BOSTON -- With one swing, David Ortiz tied three Hall of Famers -- including fellow Red Sox legend Ted Williams -- with career homer No. 521 in Friday night's 8-4 loss to the Mariners at Fenway Park.
Ortiz launched a two-run shot to center field in the fourth inning against Mariners right-hander Hisashi Iwakuma to move into a tie for 19th place on the all-time list. Willie McCovey and Frank Thomas also hit 521 home runs.
"It means a lot," said Ortiz. "Historically, all you guys know how great Mr. Ted Williams was. Like I always say, whenever they throw your name out there with those legendary [players], it kind of tells you what kind of career you've had through the years. It's not over."
To Ortiz, tying Williams for career homers was meaningful enough to collect the baseball for his personal collection.

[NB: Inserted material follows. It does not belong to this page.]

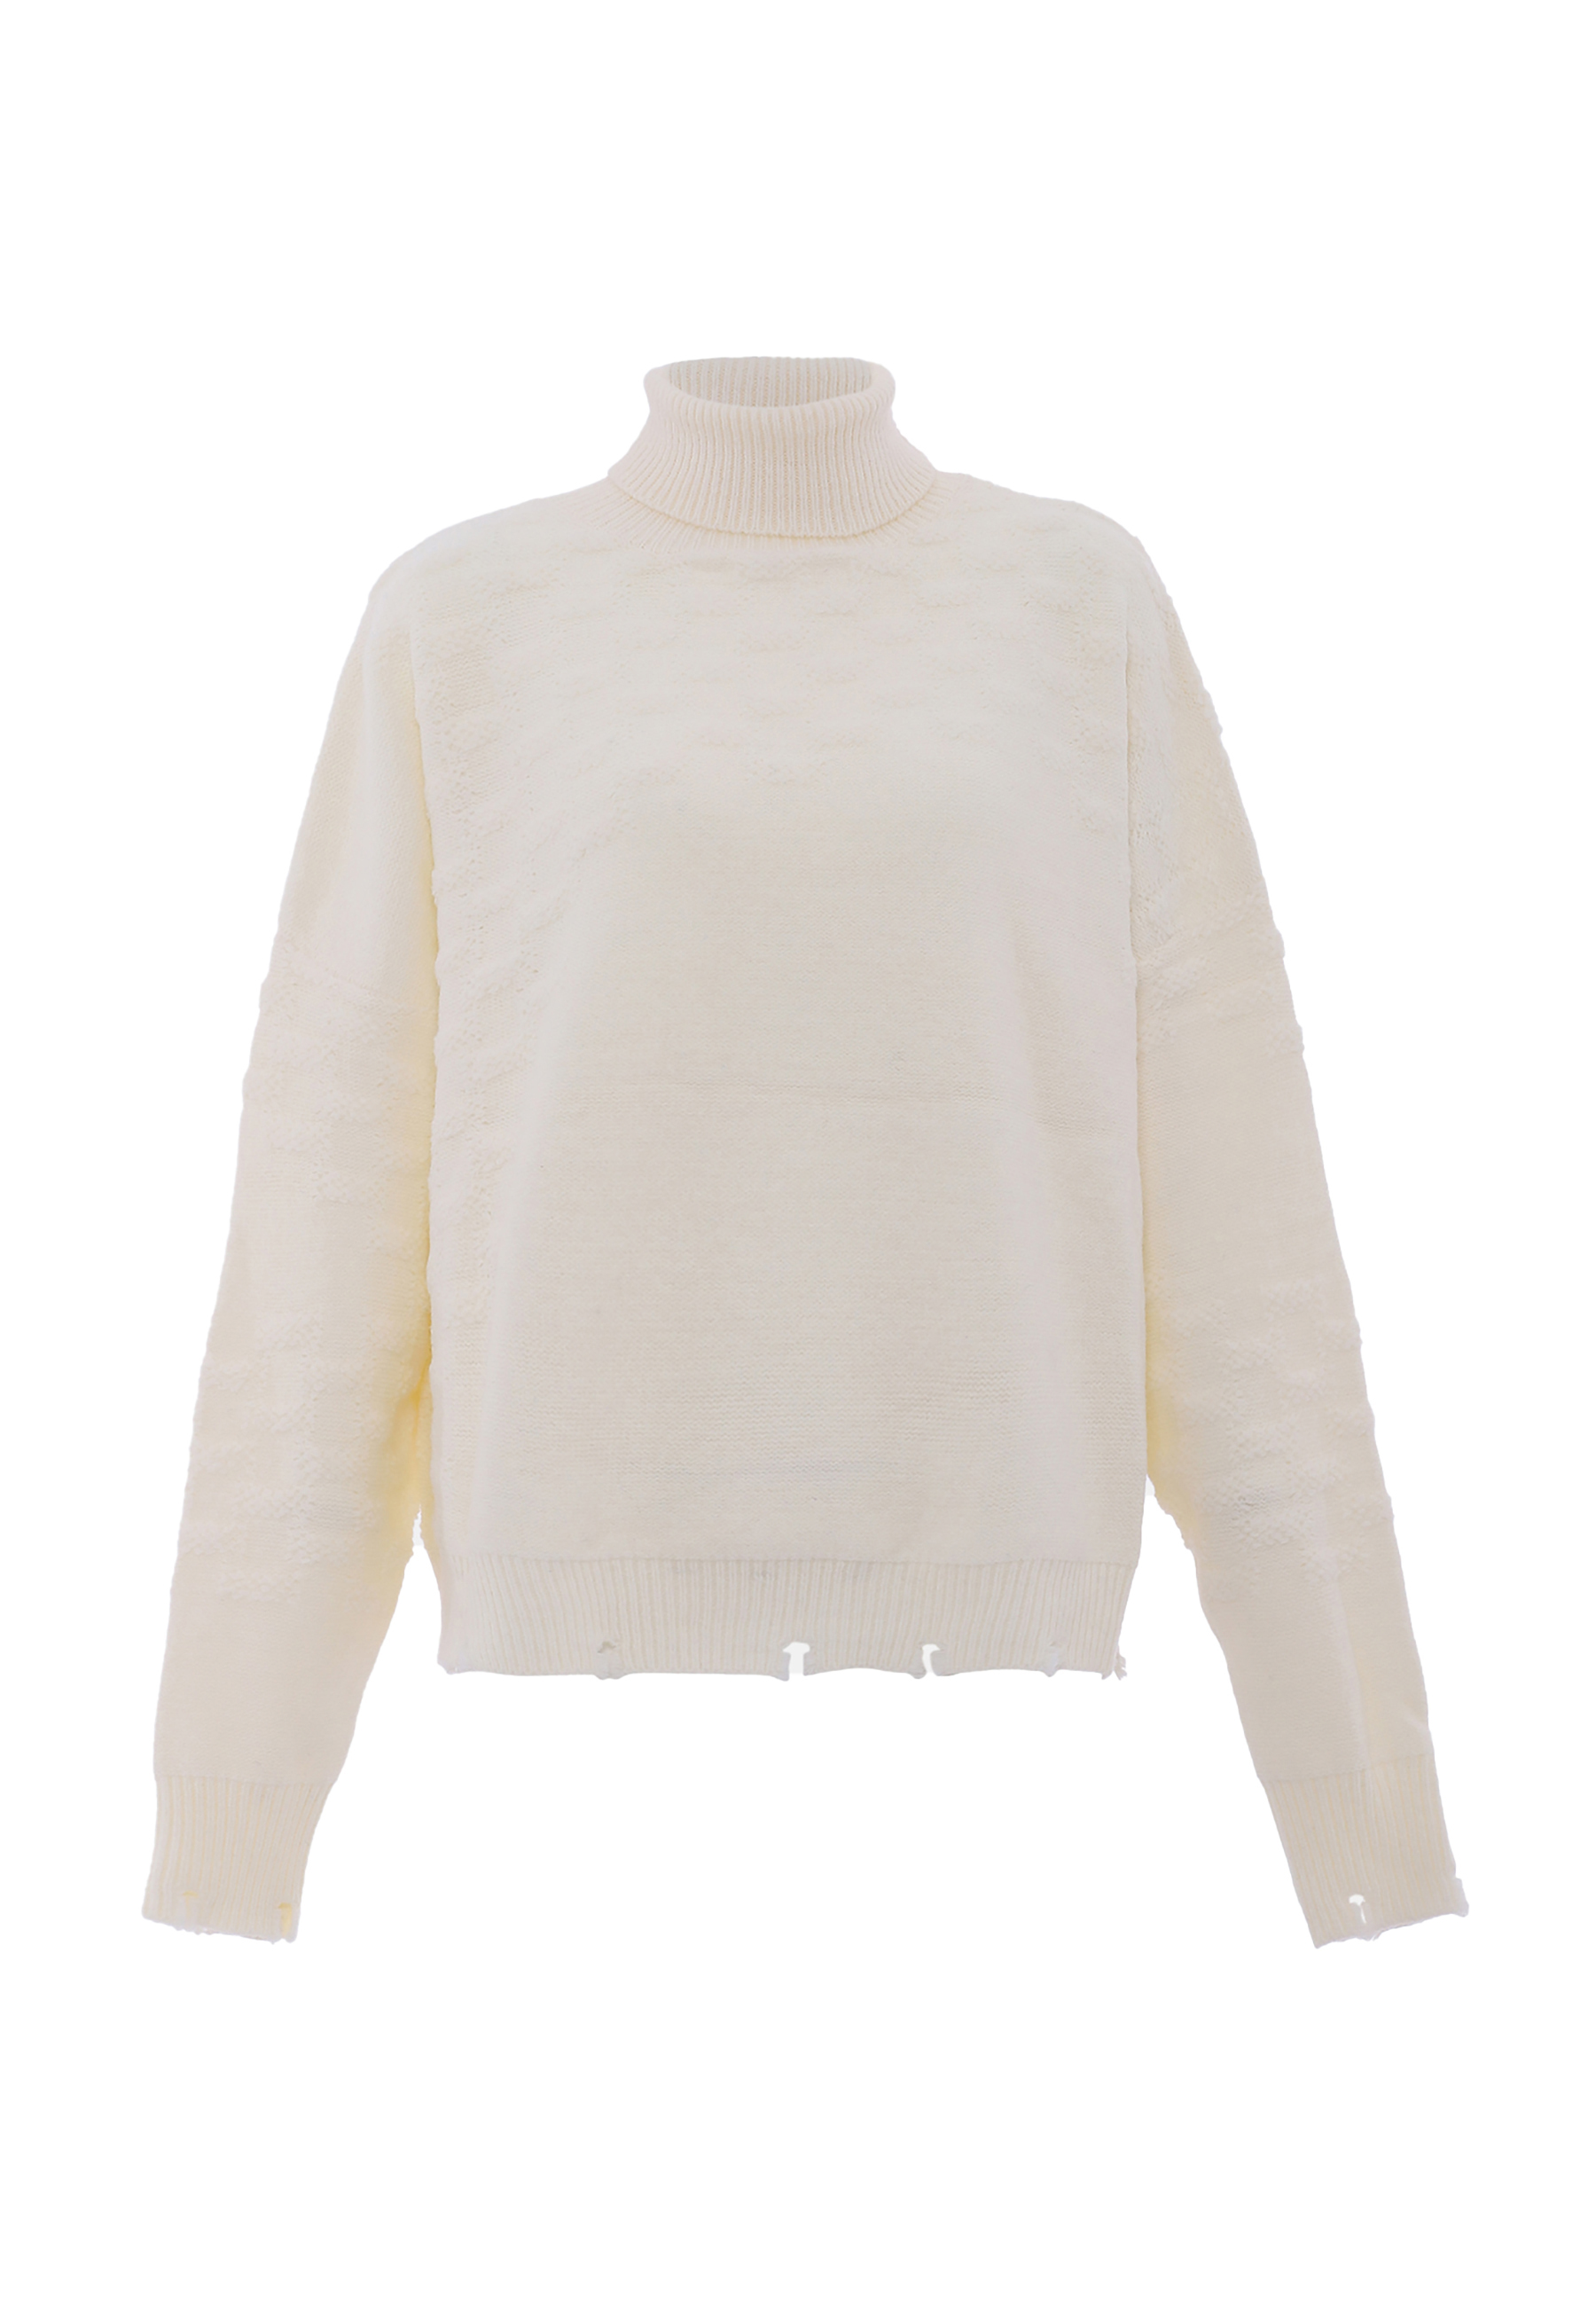 Свитер FENIA Sweater, белый свитер fenia sweater белый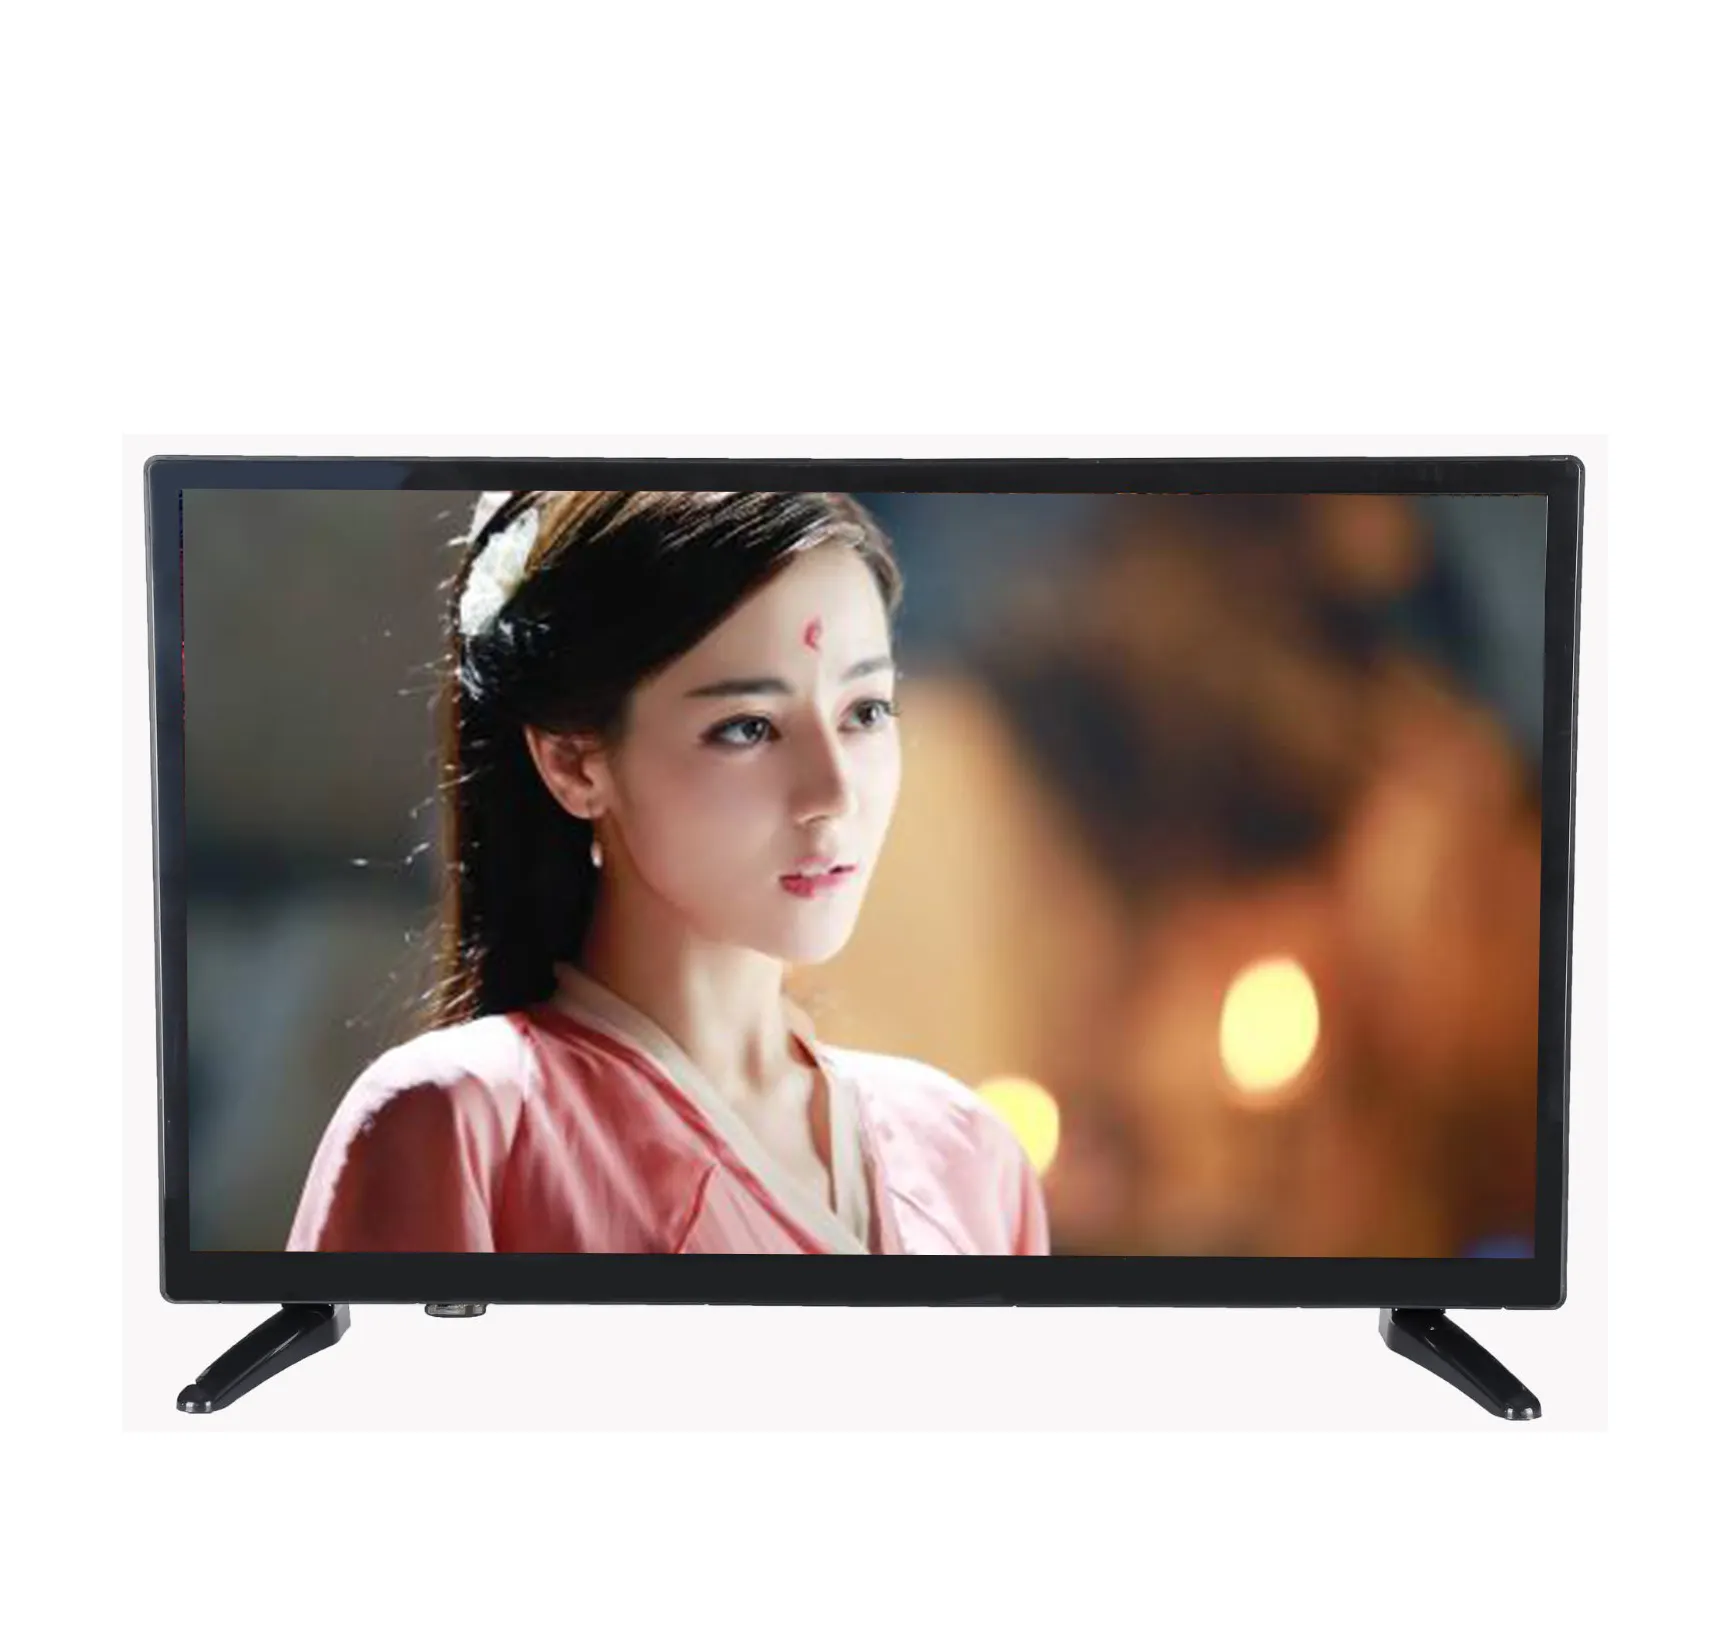 Più economico Della Cina HA CONDOTTO prezzo TV 4k smart TV LED lcd 15 17 19 22 26 televisore led

"It's a good ball to keep, trust me," said Ortiz. "The gentleman who caught it, he was very generous and he wanted me to autograph a bat for him and I did."
The drive was projected by Statcast™ to land 400 feet away and had an exit velocity of 101 mph.
"With each game, with each home run, with each extra-base hit, he is seemingly climbing up not only the Red Sox ladder but the Major League Baseball history ladder," said Red Sox manager John Farrell. "We're watching not only an impressive year unfold with David, but it may turn out to be a historic one before it's all said and done."
Ortiz will have to hit 13 more home runs this season to tie another Hall of Famer who played for the Red Sox -- Jimmie Foxx -- for 18th all-time.
"It's wonderful," said Ortiz. "You're talking about some of the greatest hitters in the history of the game. Your name is being mentioned right next to them. It's all good."
Boston's Big Papi is having a prolific final season with the Red Sox at the age of 40. The slugger is hitting .344 with 29 doubles, 18 homers, 59 RBIs and a 1.147 OPS.
"He's putting the team on his back," said Red Sox shortstop Xander Bogaerts. "He's been definitely the best player on the team so far. He's been like that for years now."